You don't have to be a malcontent or a Midwesterner to wonder if the hoopla and fawning are excessive. The fact is, for 50 years, Silvers and Epstein put out a biweekly sans pareil in American letters. In the era of tweets and hyperlinks, the NYRB lavishes attention on books, and it often retains an intellectual and political punch. This is no mean accomplishment, and Silvers should be toasted for it. Moreover, as the outlets for nonspecialist reviews plummet, the NYRB plays not only a central but an outsized role. The success of the NYRB partly rests on a larger cultural failure, the shrinking domain for serious discussions. Where else can a scholar hope to reach people who are not disciplinary colleagues?

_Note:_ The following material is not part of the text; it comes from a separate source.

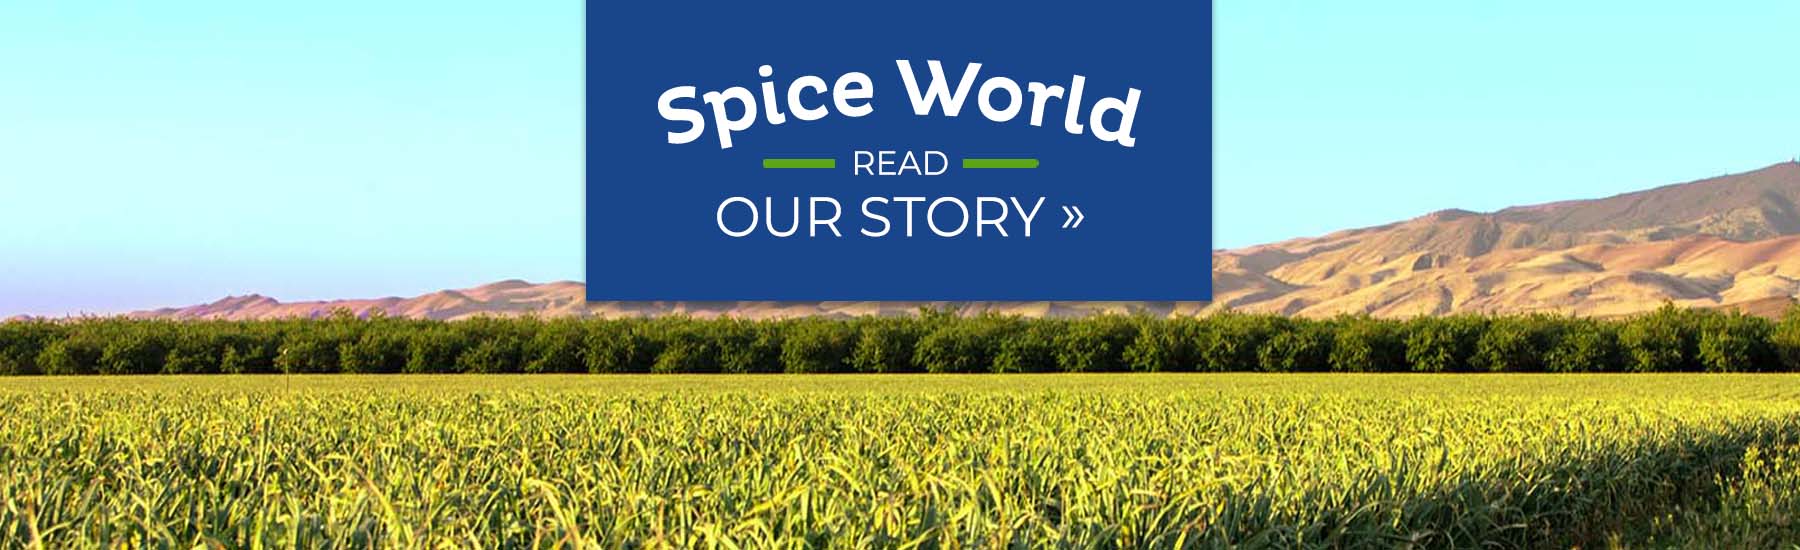 The Spice World Story

Yet the critical spirit requires more than panegyrics. Apart from its prolix and cautious reviews, what troubles about the NYRB is its insularity, Anglophilism, devotion to New York-based writers, and love affair with Ivy League-chaired professors. But most troubling of all is the absence of a younger generation. This is the gravamen. When Silvers began at the NYRB he was 33, and Epstein was 34. Contributors to the first issue such as Susan Sontag and Gore Vidal were also in their 30s. Fifty years later Silvers is 83, but where are the younger voices? Ω

[Russell Jacoby is a professor of history at the University of California at Los Angeles; his fields of interest are twentieth century European and American intellectual and cultural history. He received the following degrees in history: BA, Uiversity of Chicago, MA, University of Wisconsin at Madison, and a PhD, University of Rochester. His most recent (reissused) book is Social Amnesia: A Critique of Contemporary Psychology (1975, 1997). His awards include: Guggenheim, NEH, Mellon, and Lehrman Fellowships.]